When the mind of a mechanician is occupied with the contrivance of a machine, he must wait until, in the midst of his meditations, some happy combination presents itself to his mind which may answer his purpose. Yet upon analysing the mental operations by which the nascent contrivance is gradually made to assume form and consistency, it will generally be observed, that the motions of the machine are the principal subject of contemplation, rather than the forces applied to it, or the work it has to do. For every machine will be found to consist of a train of pieces connected together in various ways, so that if one be made to move they all receive a motion, the relation of which to that of the first is governed by the nature of the connection. The work which the machine has to do will require that the pieces appropriated to this work shall move with respect to each other in some given manner, and the forces applied to the machine to set it in motion must also move the piece which receives them in some other manner. Thus the question of contriving a machine by which a given kind of power may be made to perform given work, is reduced to a problem of mere motion-to a question of connecting the pieces which receive the power and those which do the work; so that when the first move according to the law required by the economy of the power, the last shall necessarily receive the motion which will enable them to do the work. There are, of course, many essential considerations of force and arrangement which must be entered into before the machine can be completed, but they admit of being abstracted in the first instance; and it is only by so doing that we can hope to create a science of mechanism. Yet this view seems to have presented itself but lately, with due clearness, to the minds of

writers on this subject; and it may be interesting to trace the history of its rise and progress.

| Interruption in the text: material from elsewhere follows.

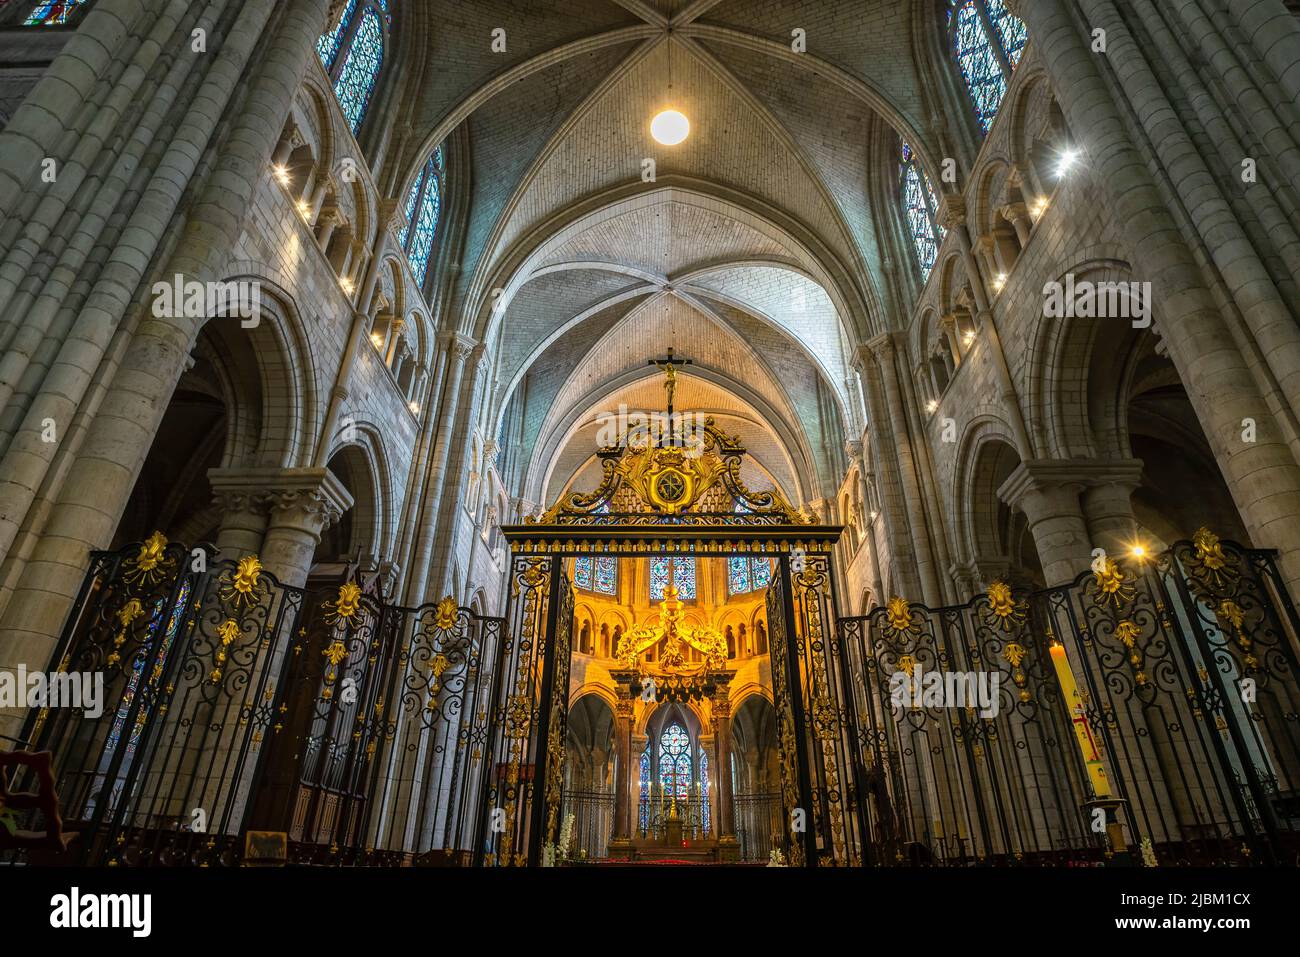 Nave central de la catedral de Sens Saint-Etienne. Sens Cathedral es una catedral católica en Sens, en Borgoña, Francia. Foto de stock

Apart from the writings on the science of Mechanics, the history of which is well known, a number of books have been produced from time to time, having for their subject Machinery. At first, however, the leading principle of classification in these is derived from the purpose for which each machine is designed, and accordingly these books are either confined to machines destined for one particular kind of work, as in the early treatises of Valturius (1472) and Agricola (1550) on warlike and mining machinery respectively; or else they are collections of machines classed and described with reference to the objects for which they are constructed; divided, for example, into machines for raising water, for grinding flour, sawing timber, and so on. The earliest of these collections are the treatises of Besson (1569), Ramelli (1580), Strada (1618), Zonca (1621), Branca (1629), Bockler (1662); and the list might be continued without interruption to the present day.* The voluminous Theatrum Machinarum' (1724) of Leupold, although it falls under the same description, yet in its first volume contains the first attempt to consider the parts of machinery separated from their work, and referred to the modifications of motion. And although these parts are made to follow the usual mechanical powers, and are mixed up with considerations of force, yet we find chapters on the crank, on cams, on machines for converting a circular motion into a rectilinear, or a back and forwards motion, and for converting a back and forwards motion into a continued circular motion, and so on. This must, in fact, be considered as the first attempt to produce a systematic treatise on Mechanism. But the first clear statement of the true principles upon which the science of Kinematics must be based, was made by Euler,

*This list might be preceded by Vitruvius, Book x., the works of Hero and other Greek mechanists, &c. Vide Veterum Mathematicorum Opera. Par. 1693.